**WHAT THE TASK ASKS**
A word-for-word copy of the data, pictures excluded, is what this task asks for.

**DATA SHOWN**
——

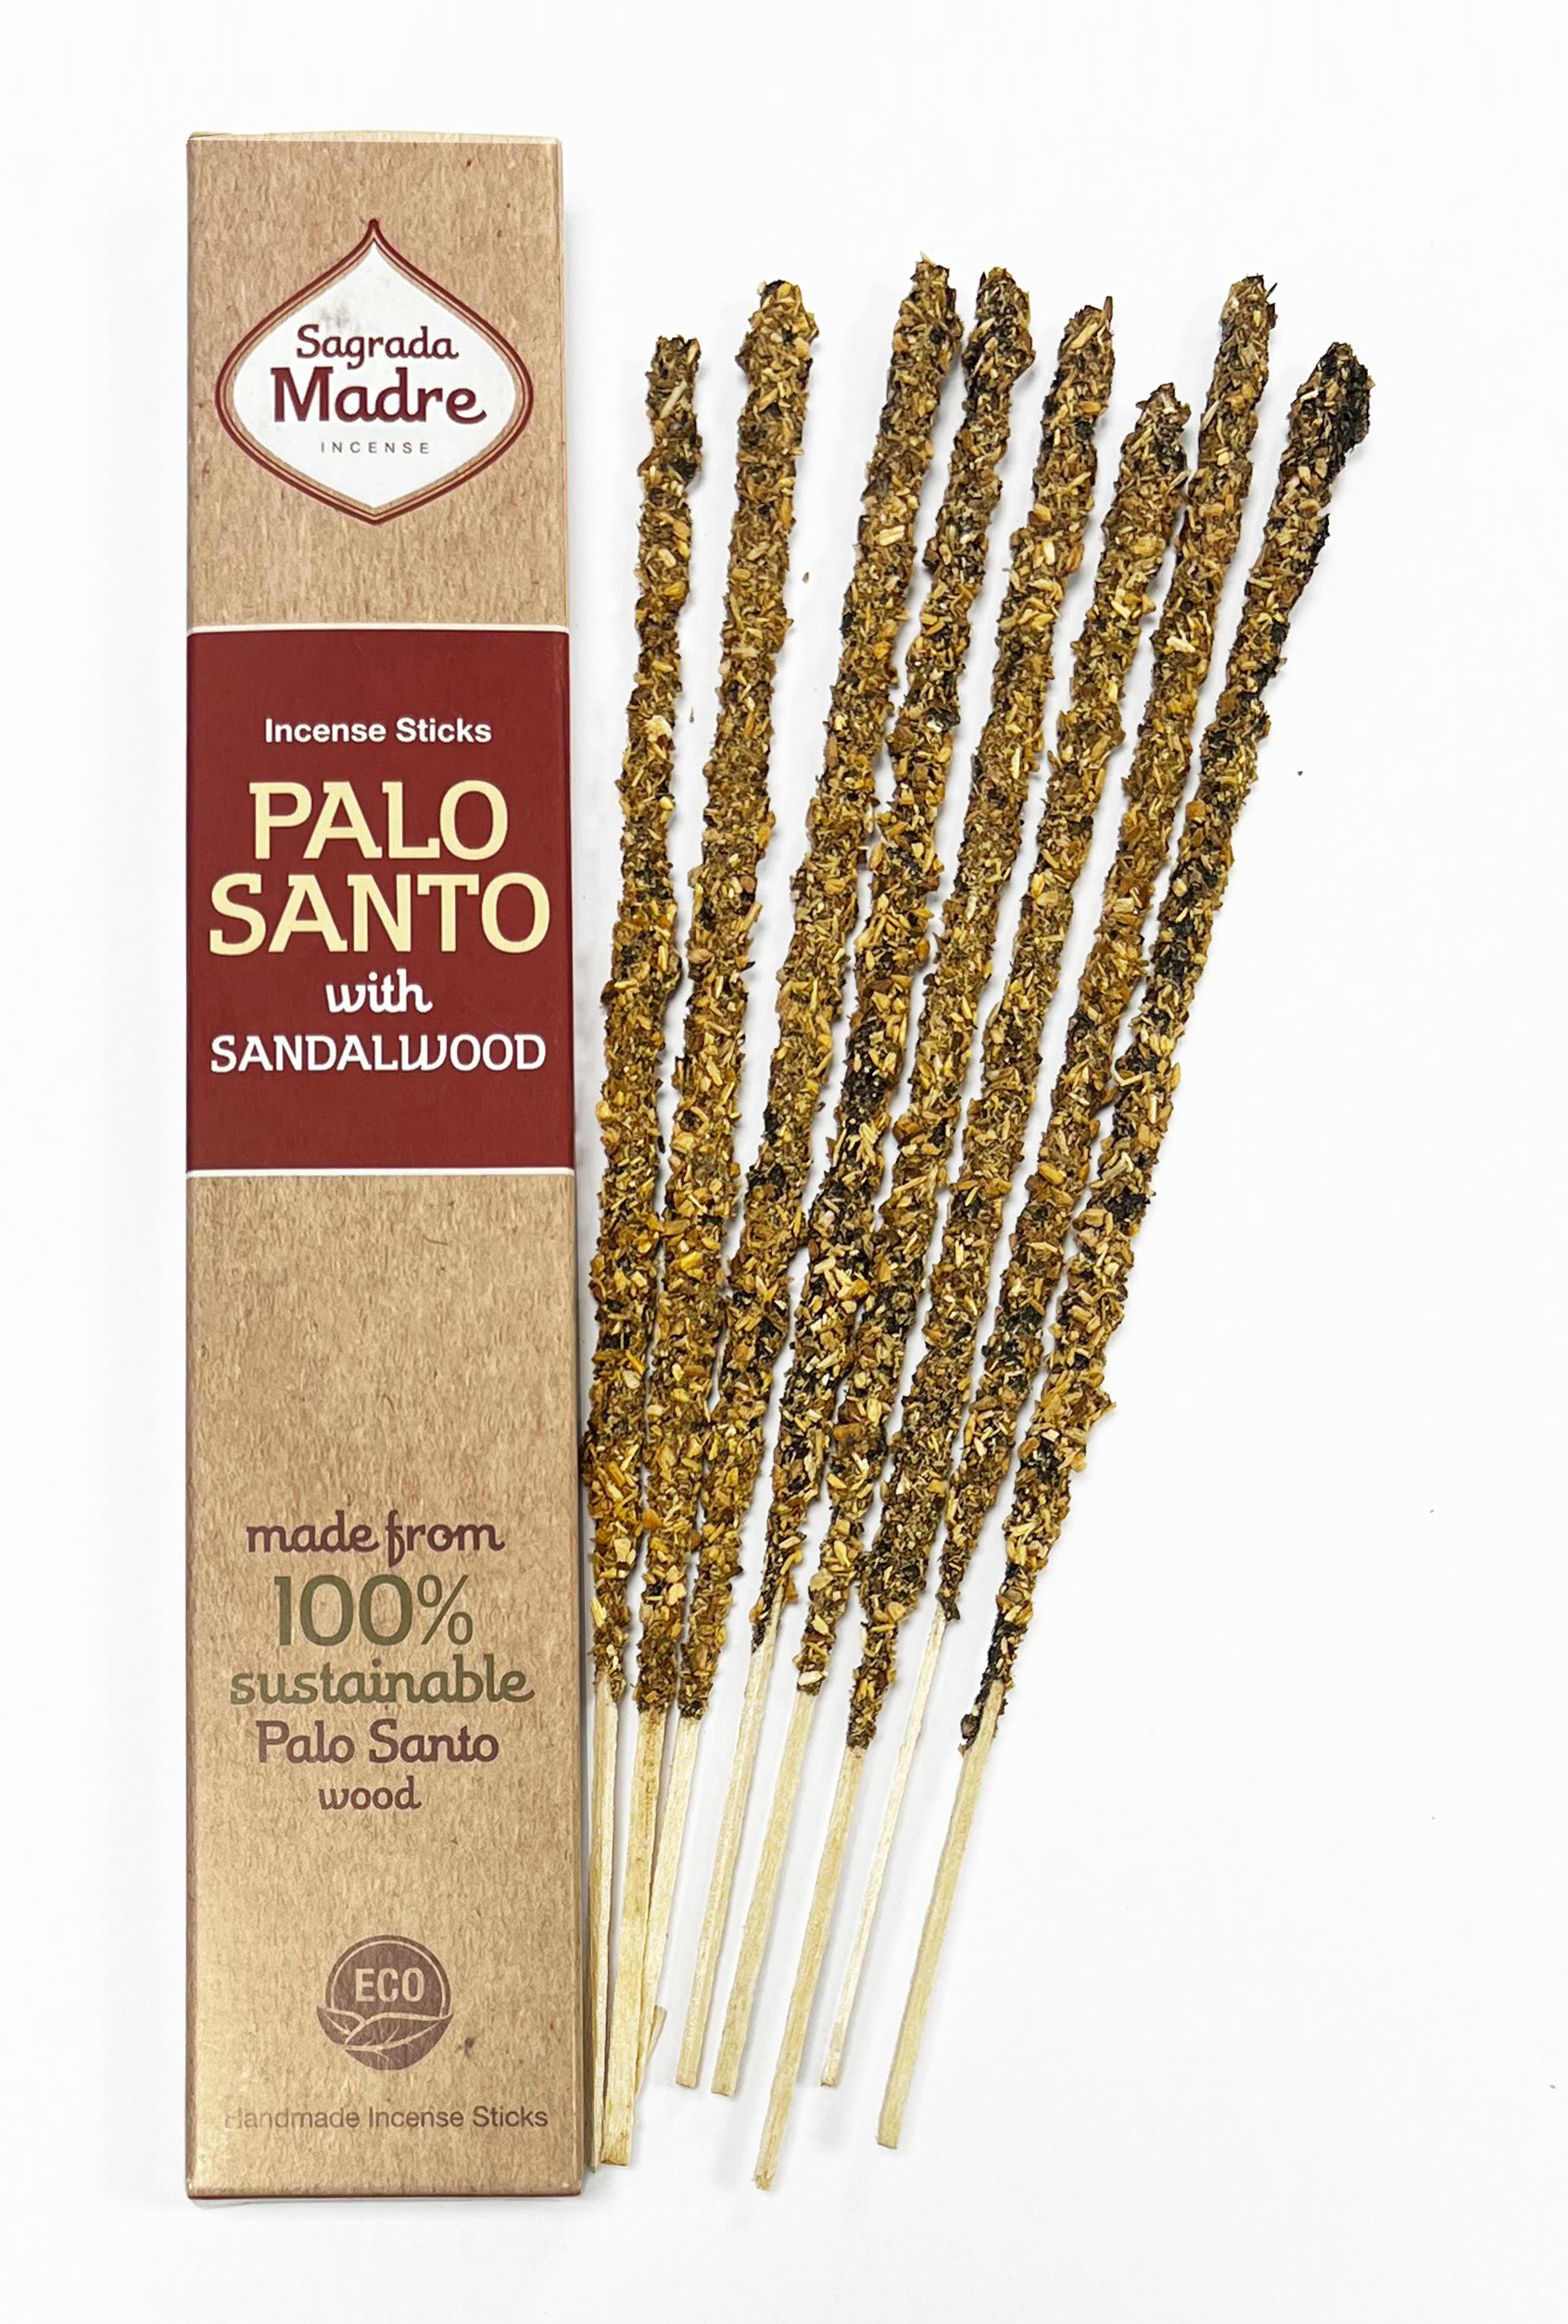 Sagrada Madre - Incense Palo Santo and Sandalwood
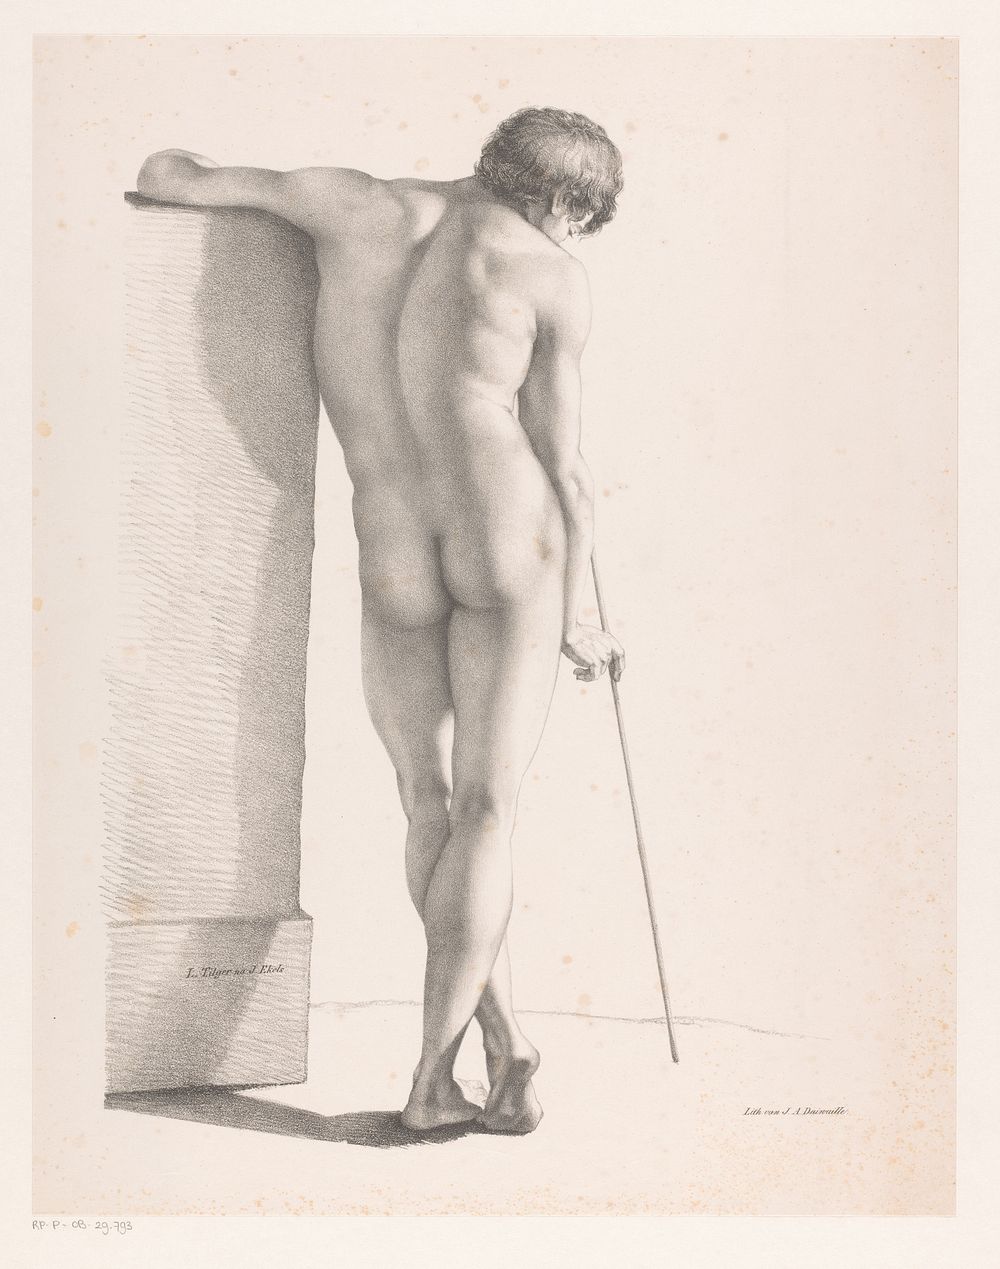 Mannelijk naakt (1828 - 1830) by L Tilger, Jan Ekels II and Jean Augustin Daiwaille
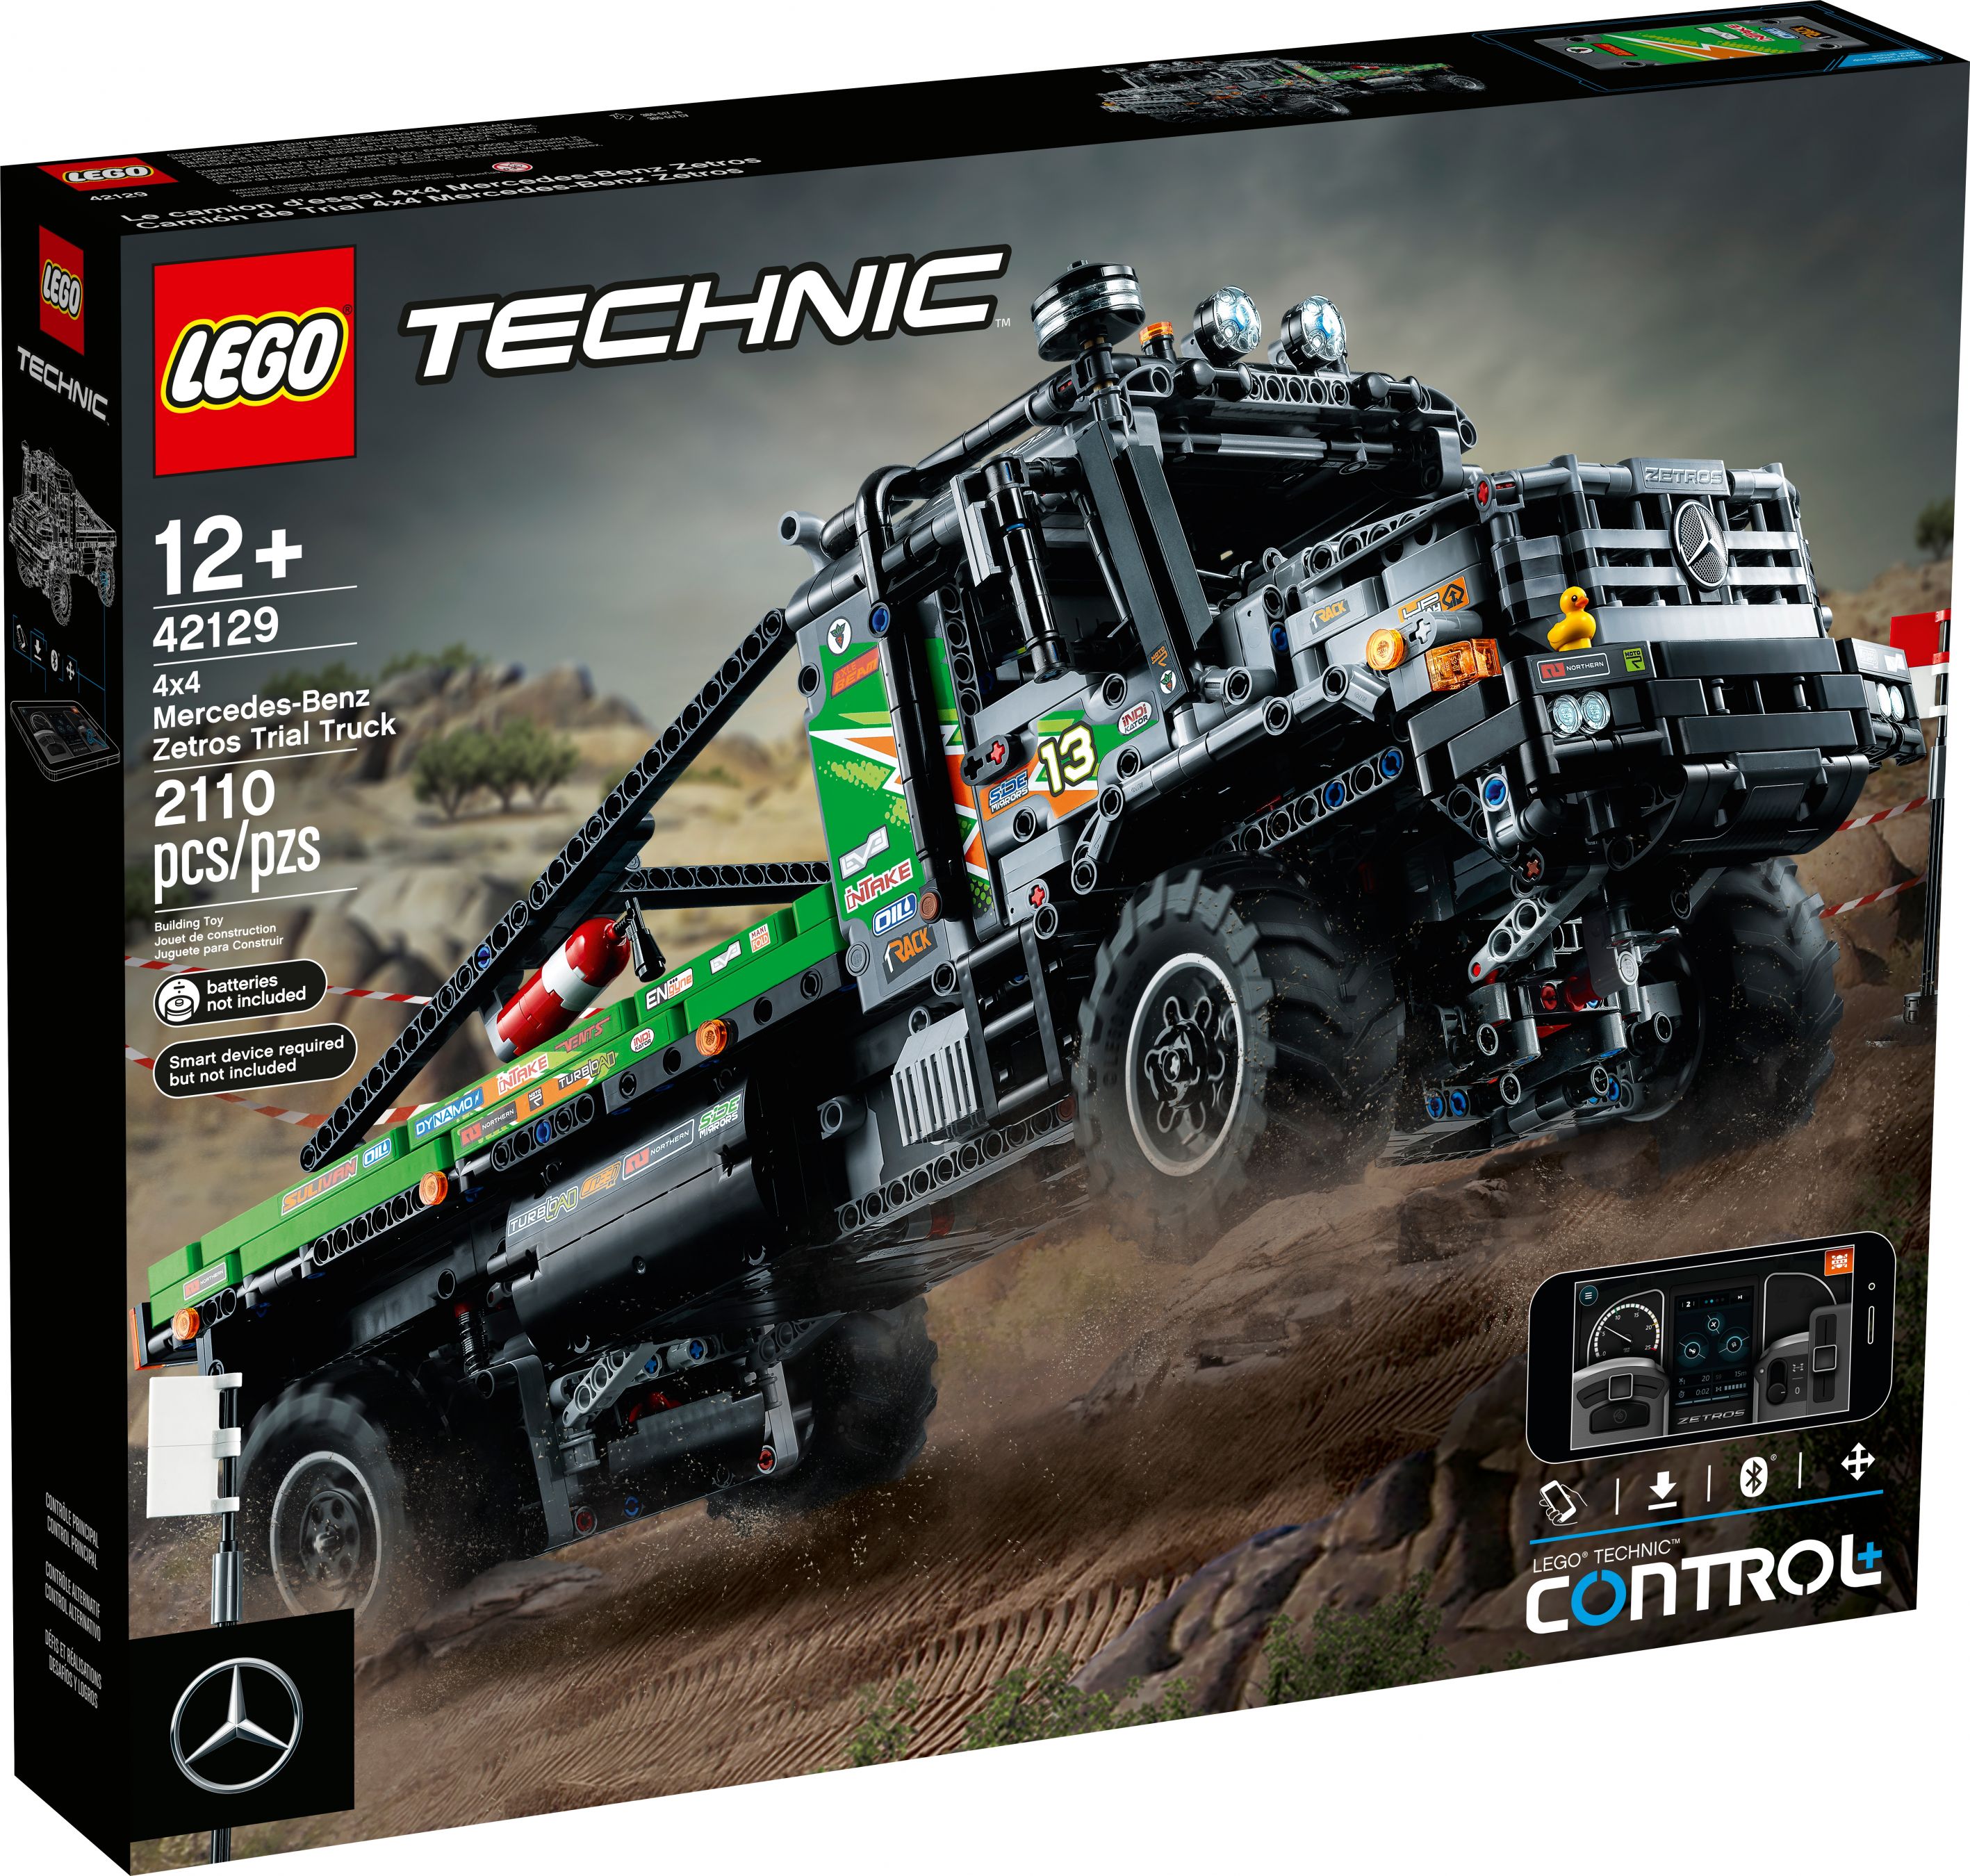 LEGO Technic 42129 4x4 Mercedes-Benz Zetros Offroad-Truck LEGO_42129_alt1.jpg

——

**ANSWER AREA**
 Sagrada Madre - Incense Palo Santo and Sandalwood
 Mannelijk naakt (1828 - 1830) by L Tilger, Jan Ekels II and Jean Augustin Daiwaille
 LEGO Technic 42129 4x4 Mercedes-Benz Zetros Offroad-Truck LEGO_42129_alt1.jpg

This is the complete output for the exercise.